Lisa Williams makes small things big in new poetry collection
Centre College professors are celebrated not only for their skill and enthusiasm for teaching but also for the exceptional work they do within their fields. Lisa Williams, director of the Creative Writing Program and associate professor of English (pictured right), is known for her success both in and out of the classroom. Williams teaches courses in poetry, nature writing and creative non-fiction among others, and has published several highly acclaimed collections of her own poetry, including her third and most recent collection, Gazelle in the House (New Issues Press, 2014).
Intensely focused yet vastly resonating, the poems in this collection reflect virtuosity and candor. Fellow poet Susan Stewart describes Williams’ voice as deeply honest and dynamic.
“Painting with colors at times opaque, at times transparent, moving between shallows, tide-pools, and the abysses of dreams,” writes Stewart, “Williams’ voice is solitary, meditative, intimate—and in the end a means of revelation.”
Williams’ first collection, The Hammered Dulcimer (Utah State University Press, 1998), won the May Swenson Poetry Award, and her second, Woman Reading to the Sea (W.W. Norton, 2008), won the Barnard Women Poets Prize. Like many writers, however, Williams’ style and approach has evolved over the years.
“I like to write about nature, but my ideas about how do that have really changed,” Williams explains. “In my earlier work I looked at larger landscapes, but recently I’ve been more interested in paying attention to things that might be smaller, not a whole landscape, but something within it that maybe I can’t see, but can instead use the microscope of my imagining.”
These smaller subjects still pack a punch with poems, such as “Nucleolus” and “Pelican Eye.” In “The Hummingbird Aviary,” Williams depicts the “bluridescence” of a mother hummingbird feeding her miniscule young:
The mother lights down to feed
the flute-hole of its throat — it’s a smudge,
an inkling, this not-yet-grown
hummingbird — it would smear
if you touched it.
Williams has also endeavored to do more with less from a stylistic standpoint.
“I’m not as concerned with lushness of language in these poems.

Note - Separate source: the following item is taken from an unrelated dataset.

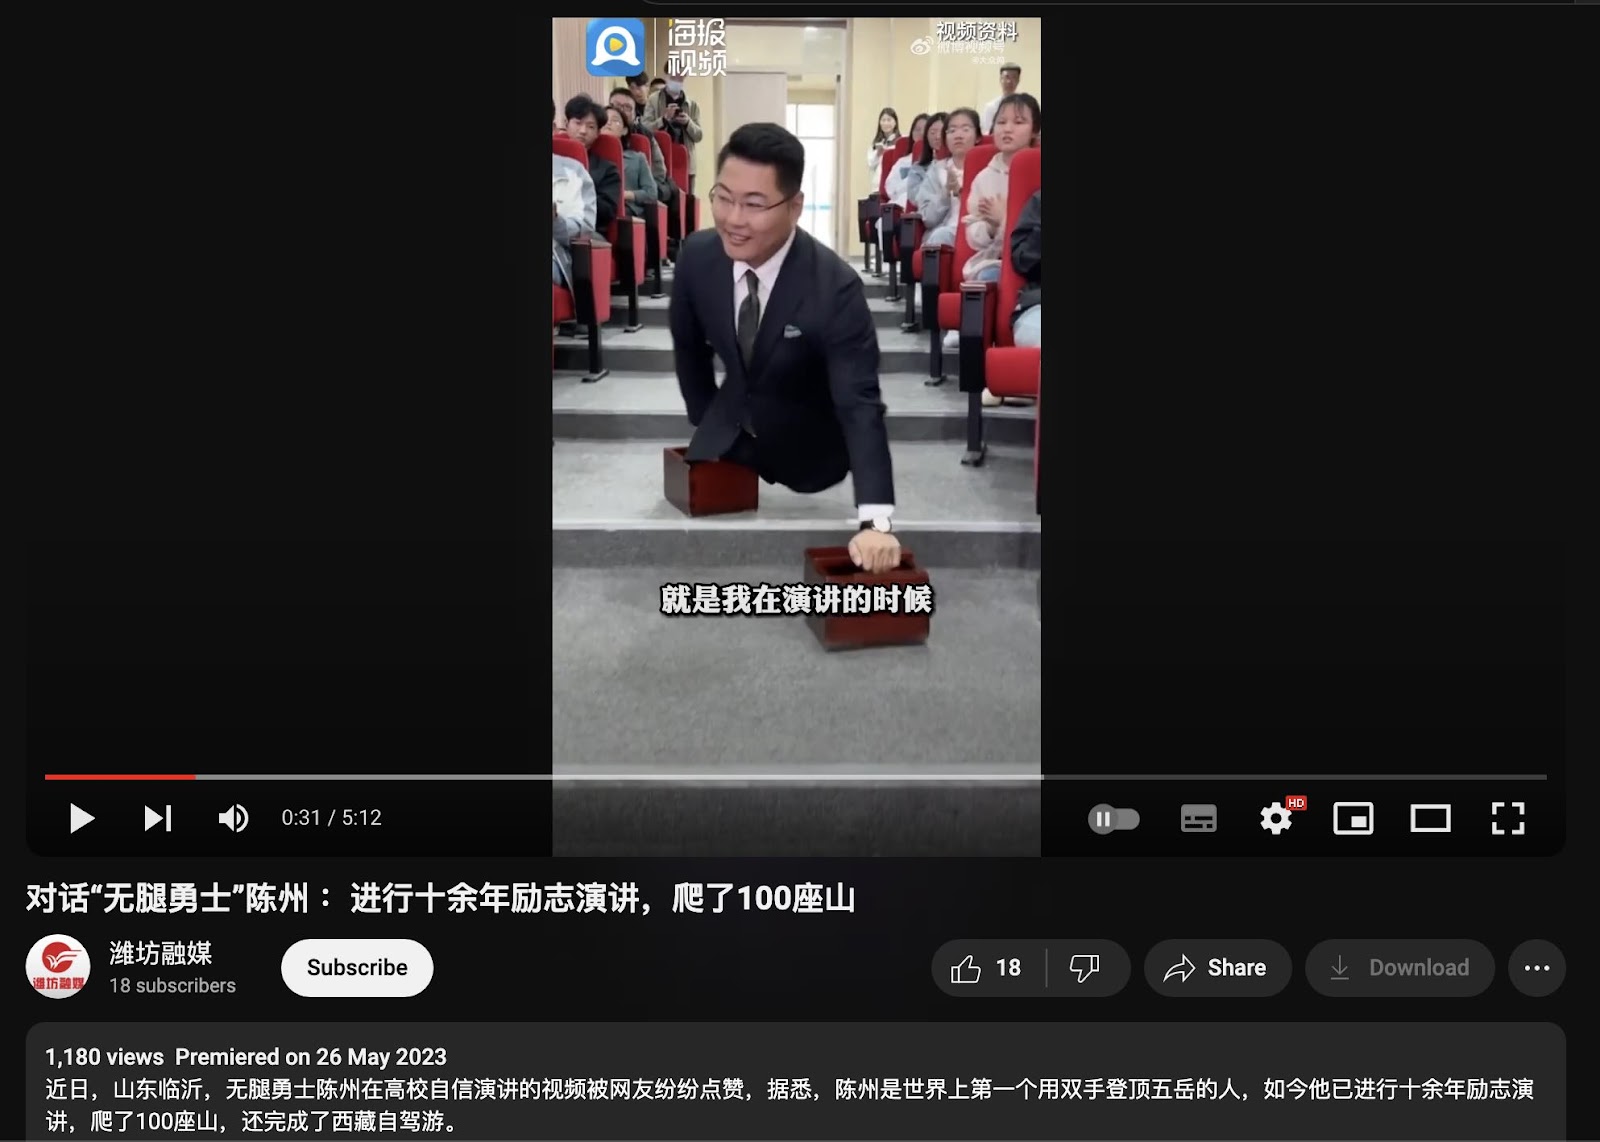 A video of a Chinese motivational speaker is being falsely shared as the  founder of TikTok Zhang Yiming. - FACTLY

I wanted to use plainer language that is more subdued and unobtrusive, yet still has a kind of musicality to it.”
Even as Williams gains prominence as a poet, she remains just as dedicated to her students’ writing as her own.
“Looking at student work is a passion for me,” she says. “I love reading good writing and helping to make it as strong as it can be.”
The online poetry journal Memorious has named Gazelle in the House one of its Ten Most Anticipated Poetry Books of 2014. Williams’ collection is available on Amazon.com or by order from select bookstores.